Information supplied:
◆ ◆ ◆ ◆ ◆

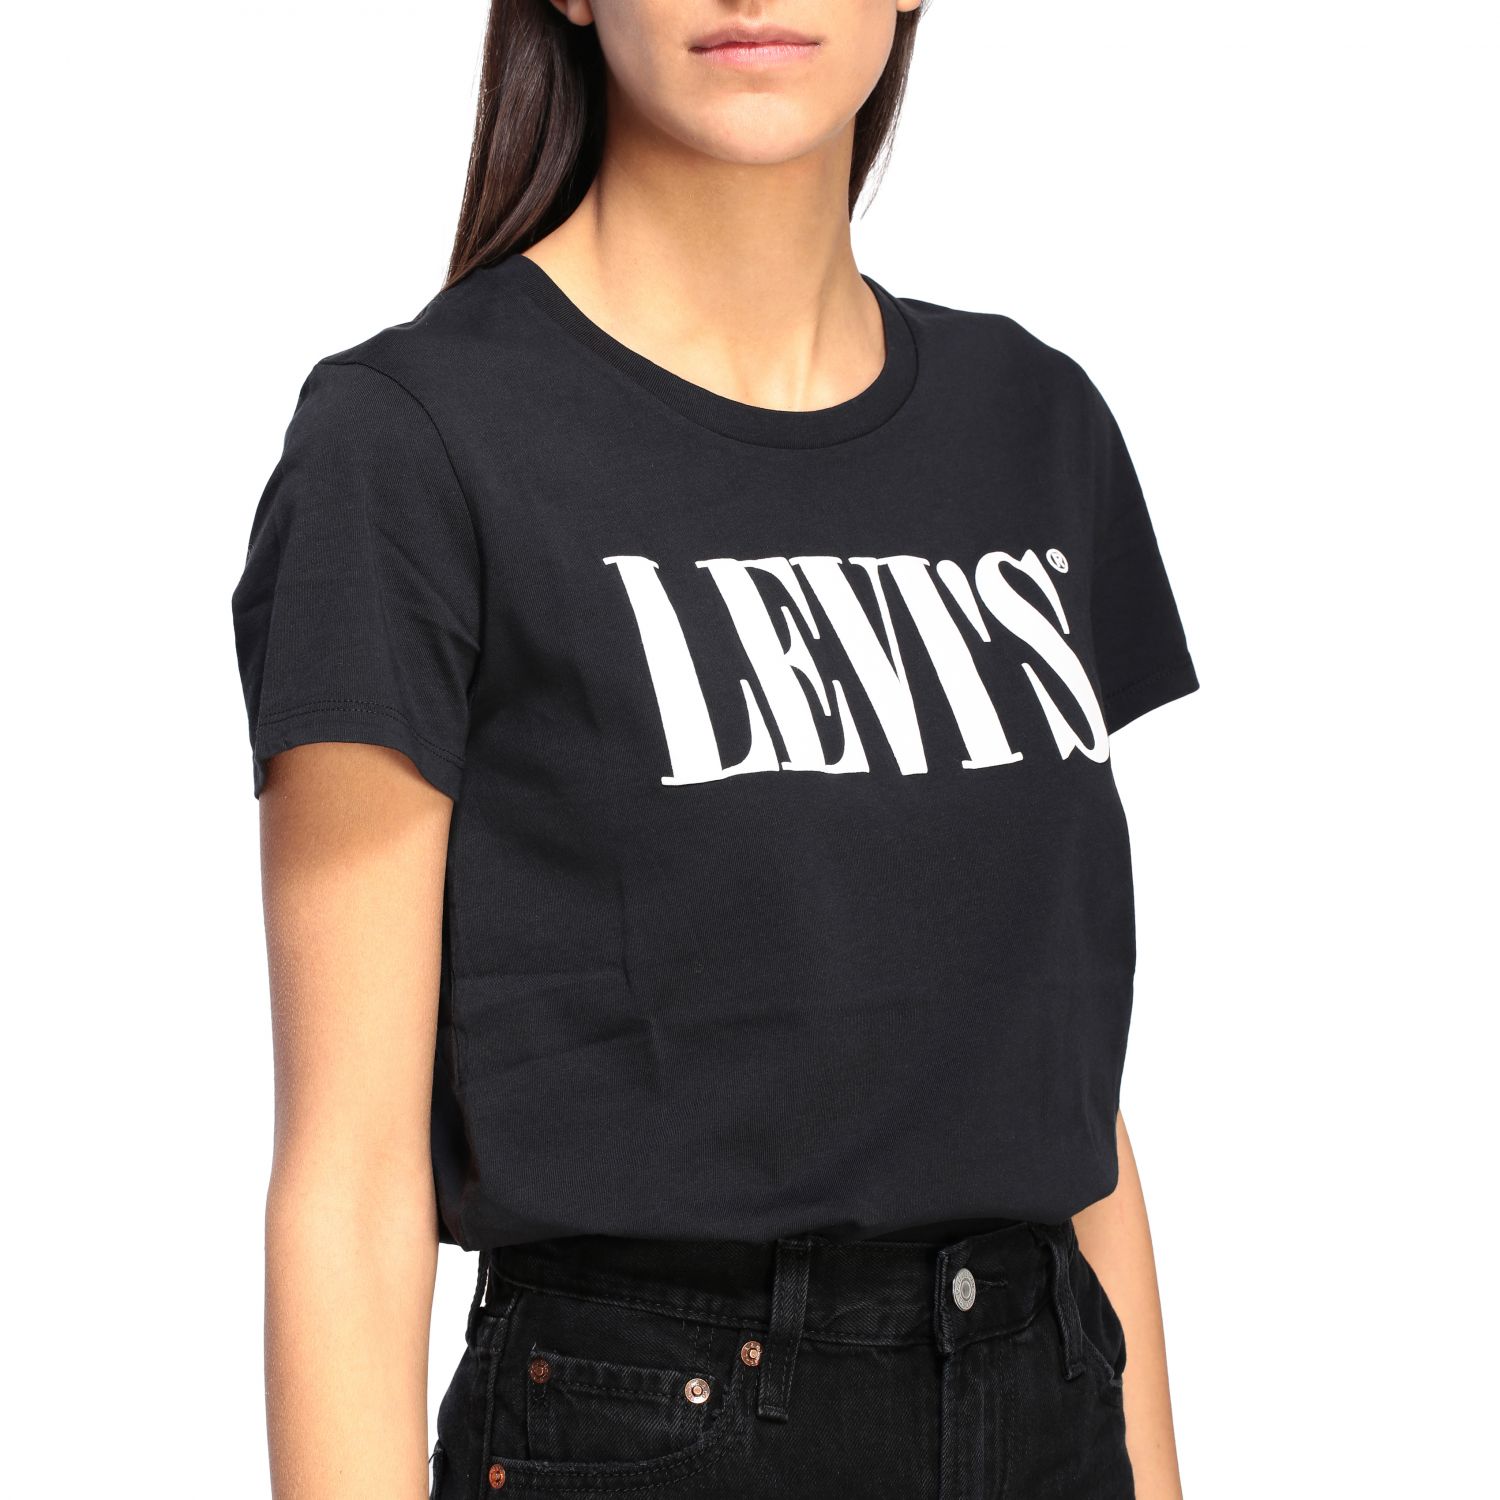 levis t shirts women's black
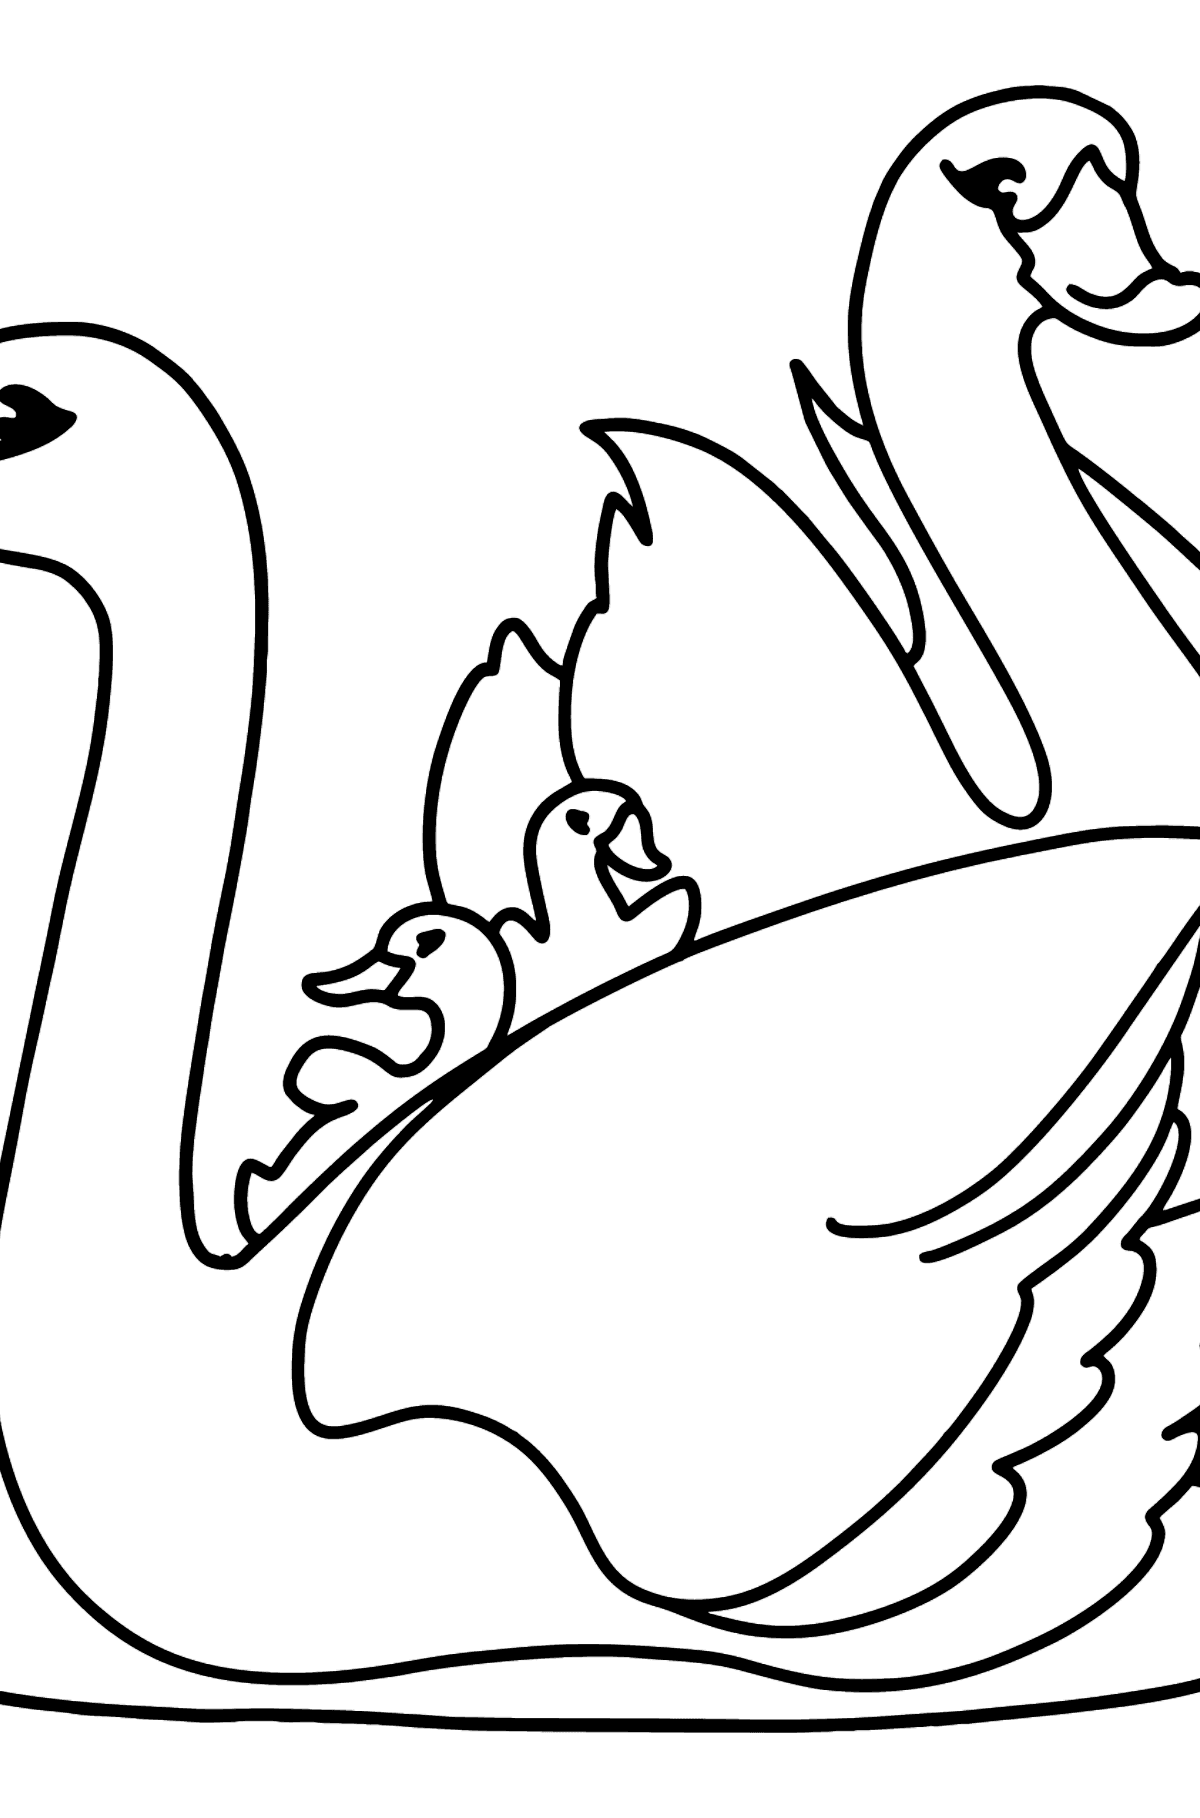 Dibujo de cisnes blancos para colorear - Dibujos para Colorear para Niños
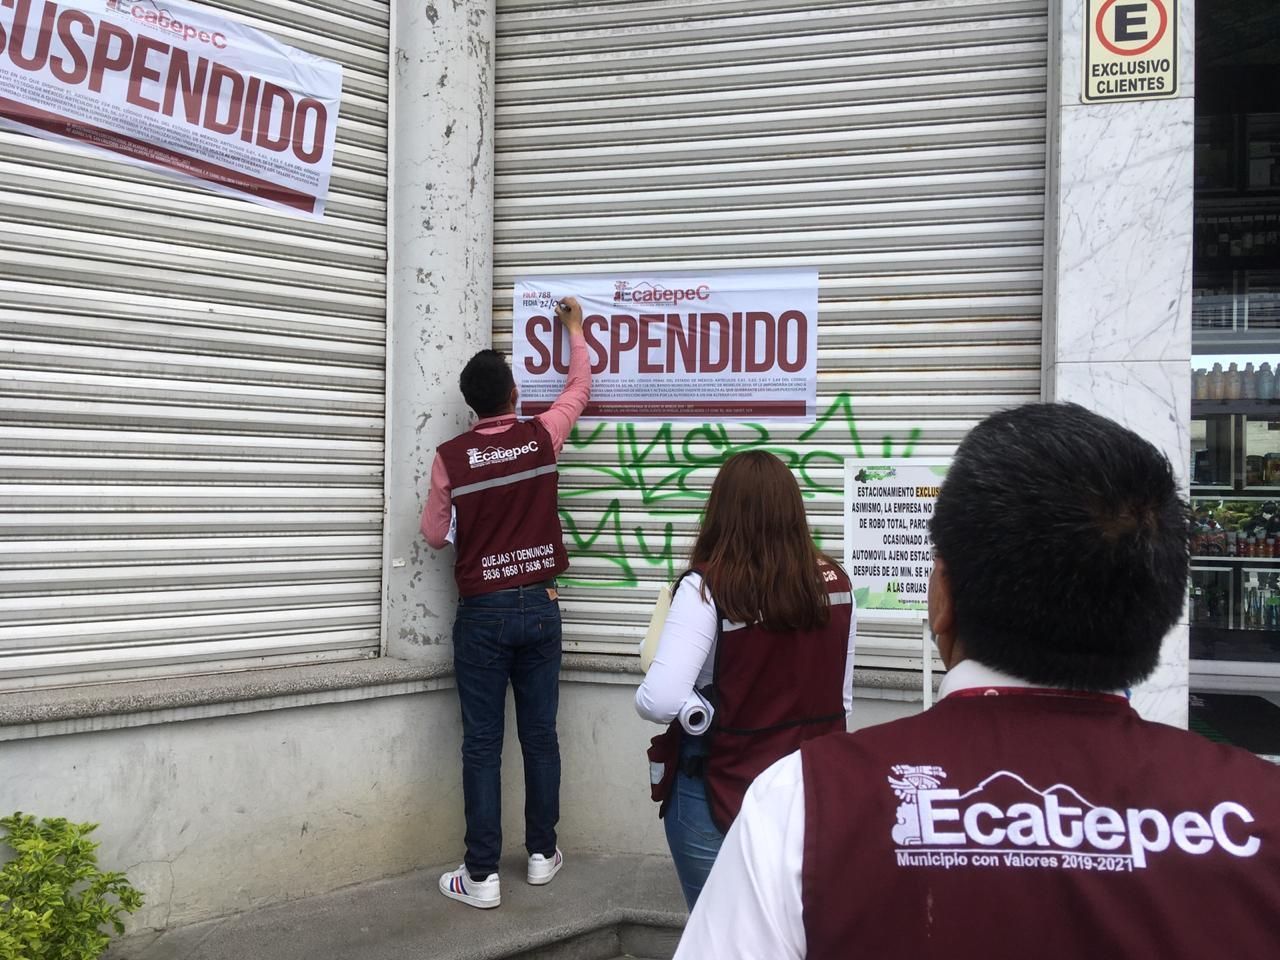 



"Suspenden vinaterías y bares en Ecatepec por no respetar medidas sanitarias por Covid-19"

◆ ◆ ◆ ◆ ◆

Instructions for the task:
Nothing but an exact copy of the data above, minus its pictures, should appear in the response.

Problem solution:
 levis t shirts women's black
 Dibujo de cisnes blancos para colorear - Dibujos para Colorear para Niños



"Suspenden vinaterías y bares en Ecatepec por no respetar medidas sanitarias por Covid-19"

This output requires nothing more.